Provided information:
--- START ---

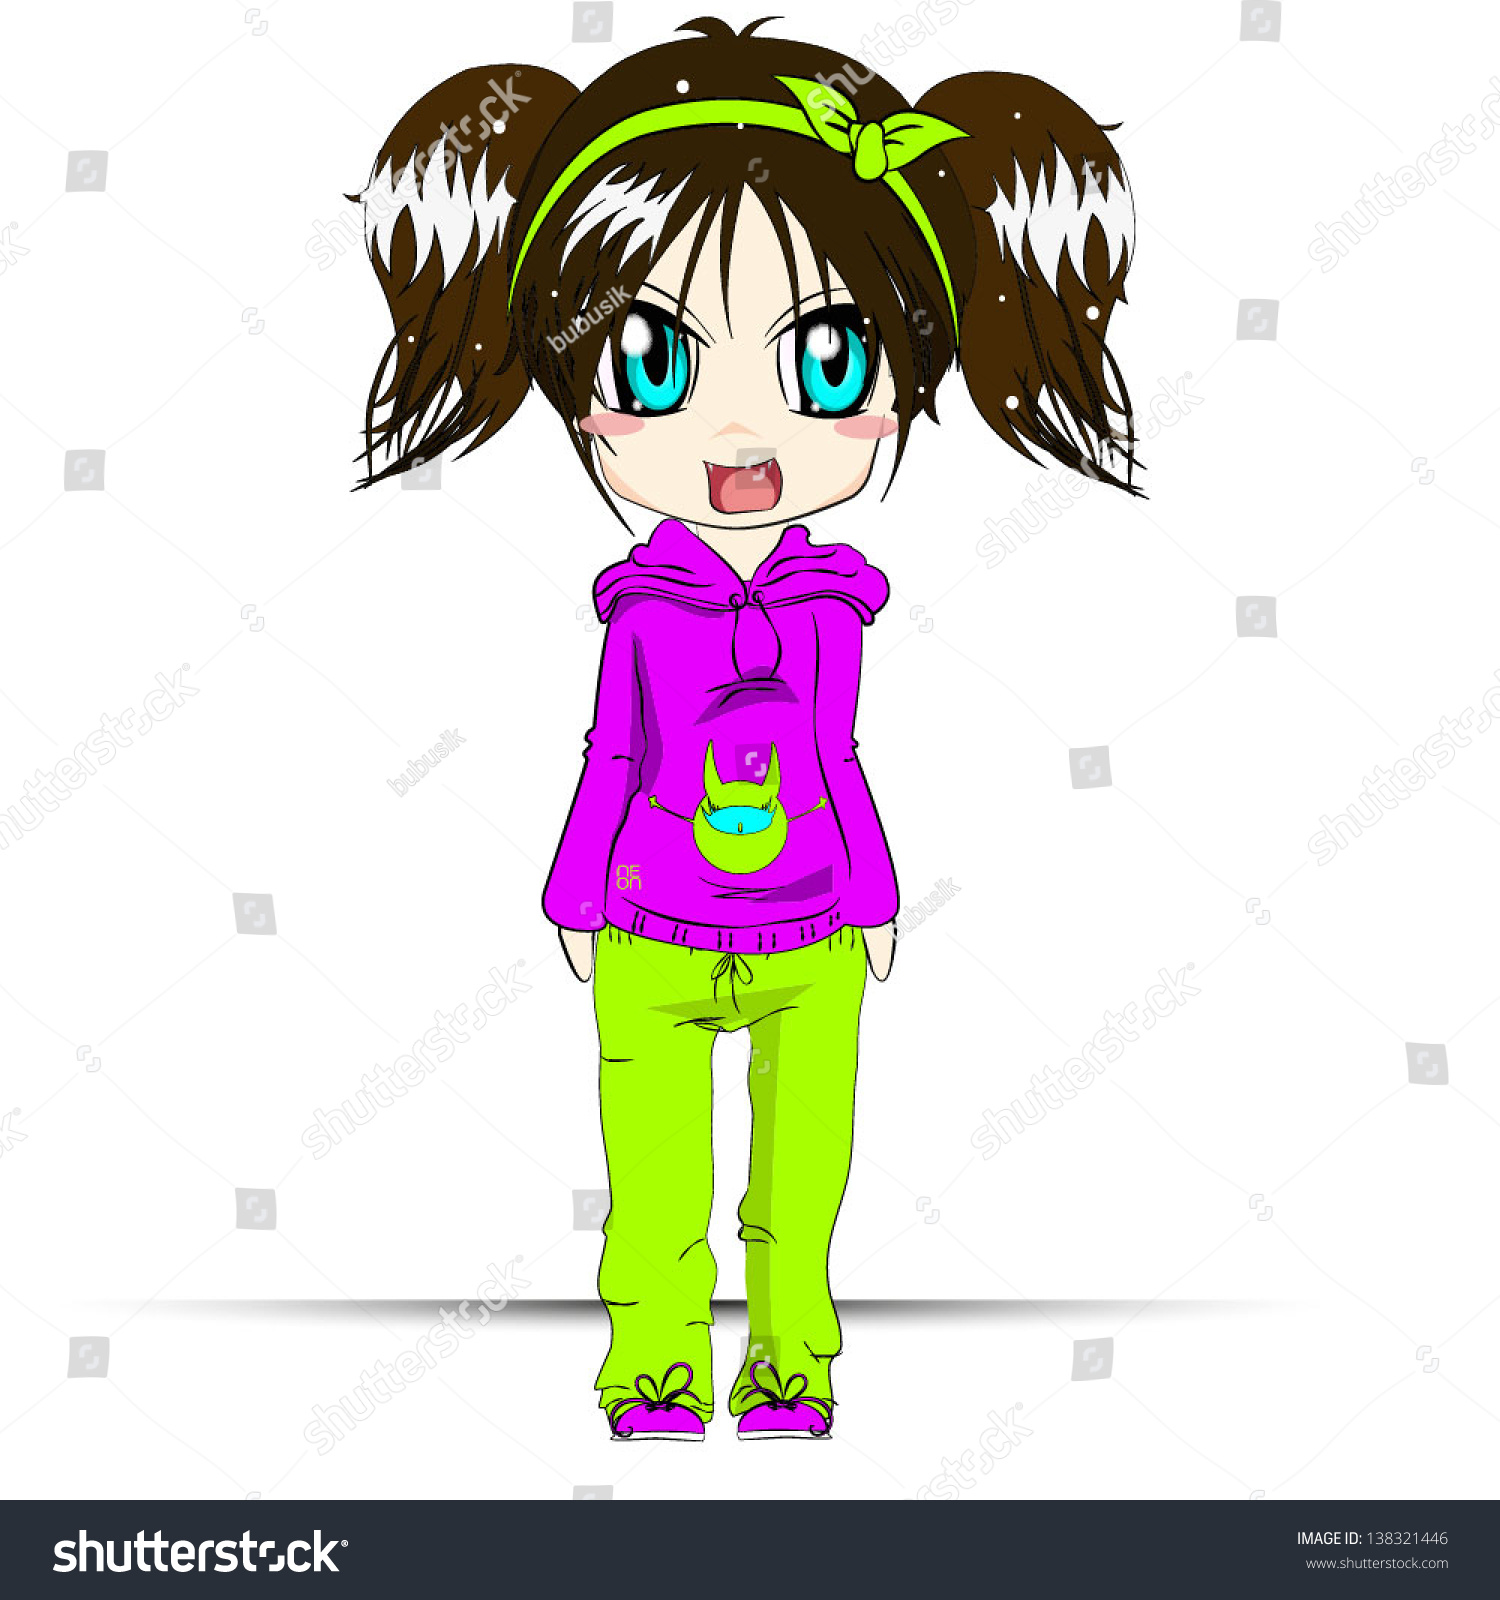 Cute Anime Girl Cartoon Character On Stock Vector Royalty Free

--- END ---
--- START ---

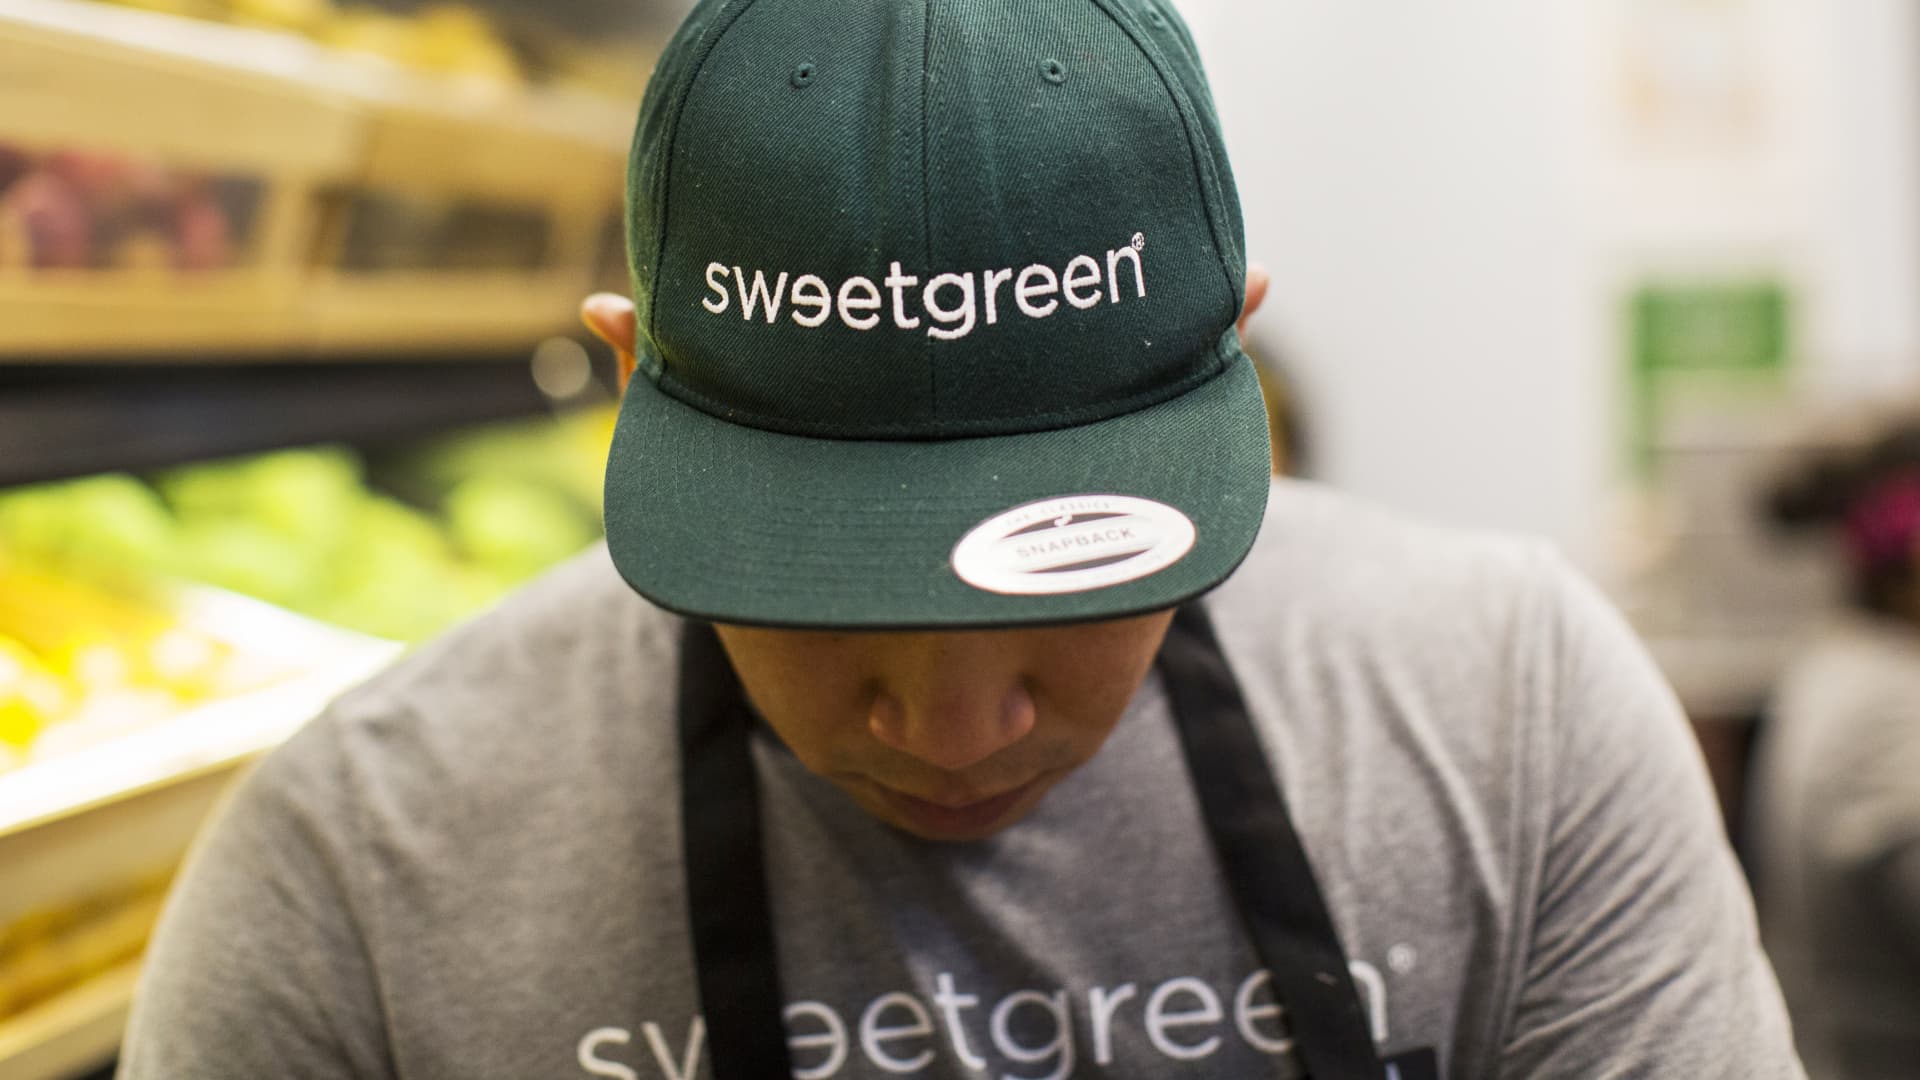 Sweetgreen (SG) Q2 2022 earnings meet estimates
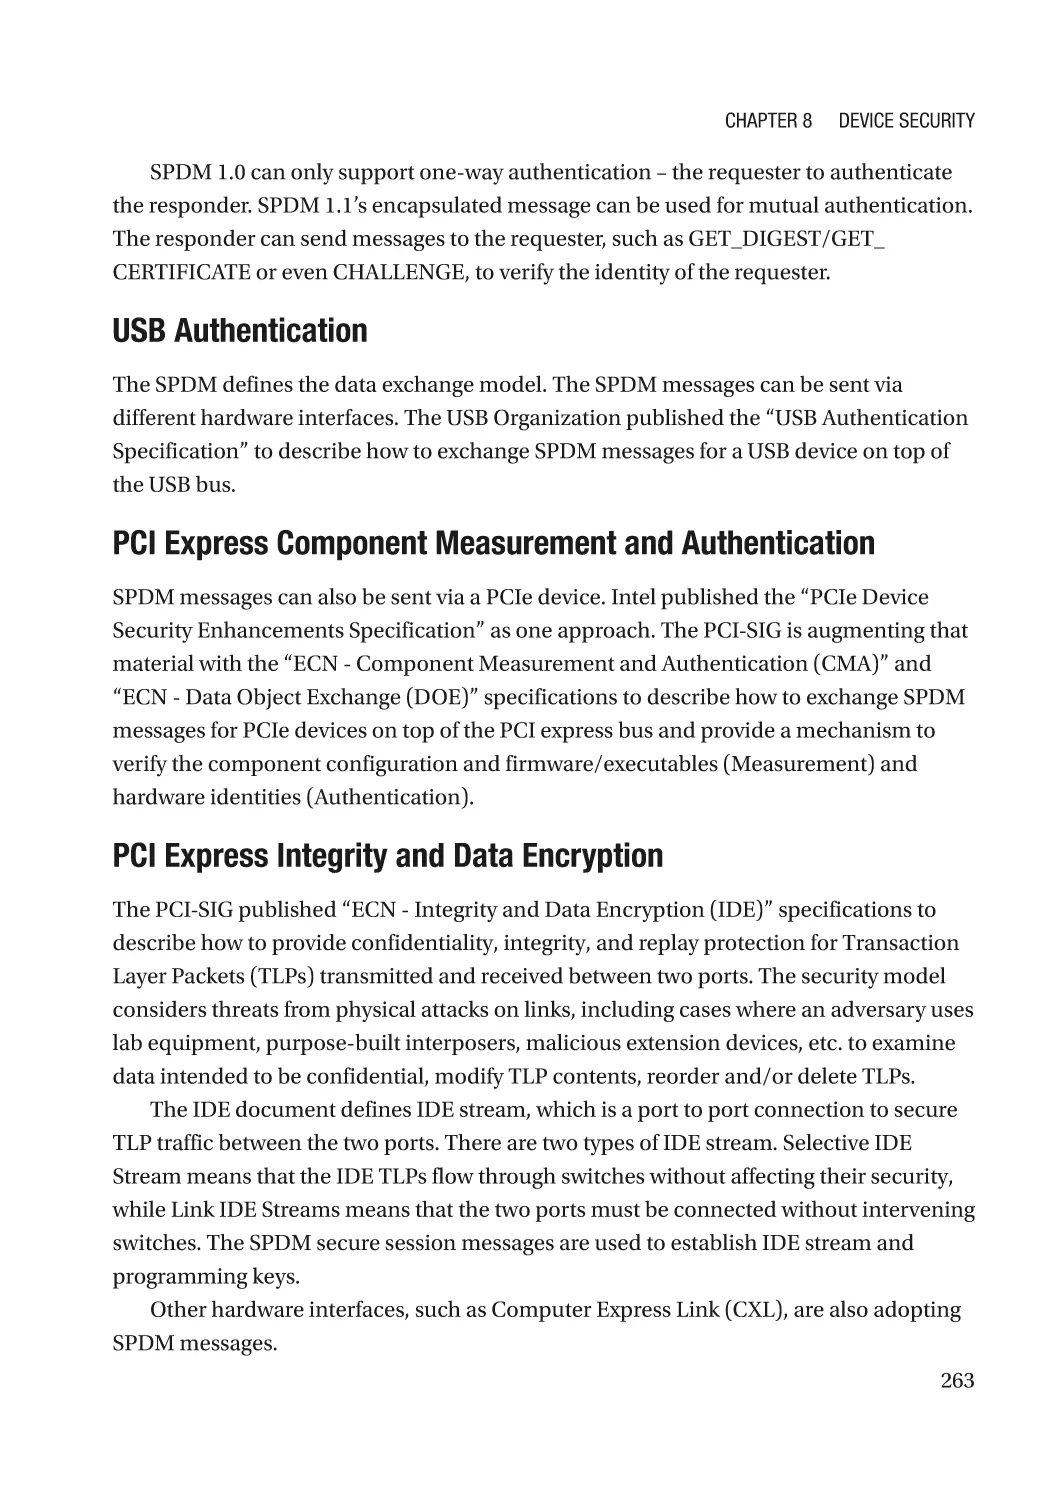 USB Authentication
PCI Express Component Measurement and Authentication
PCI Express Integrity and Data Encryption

--- END ---
--- START ---

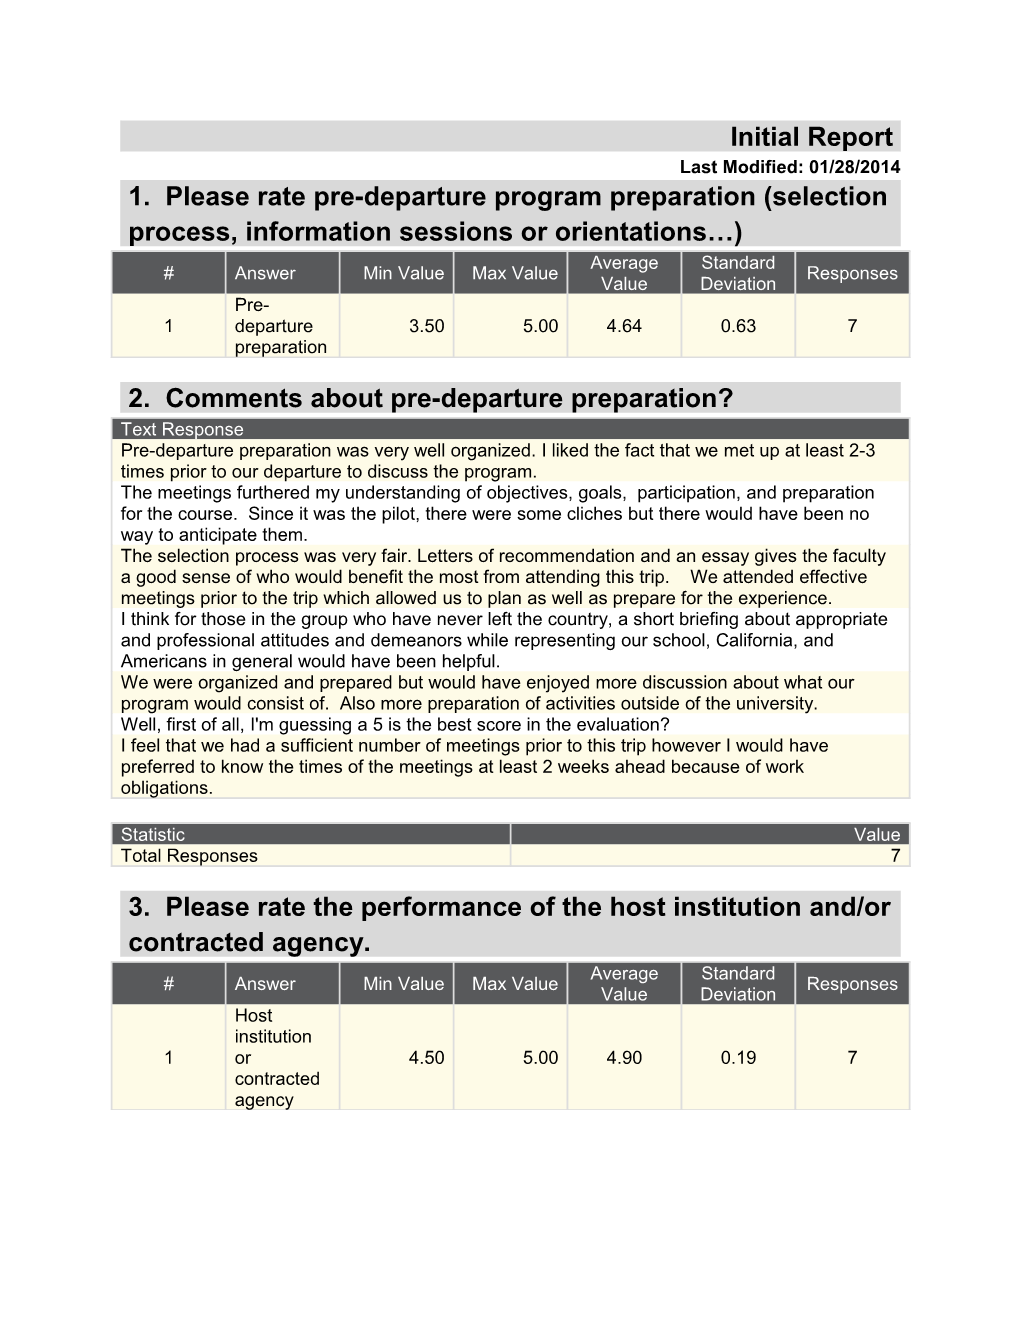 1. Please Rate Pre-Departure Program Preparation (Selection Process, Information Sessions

--- END ---

Assignment: Return each line of the material above in which the string "Express" appears.

Answer space:
PCI Express Component Measurement and Authentication
PCI Express Integrity and Data Encryption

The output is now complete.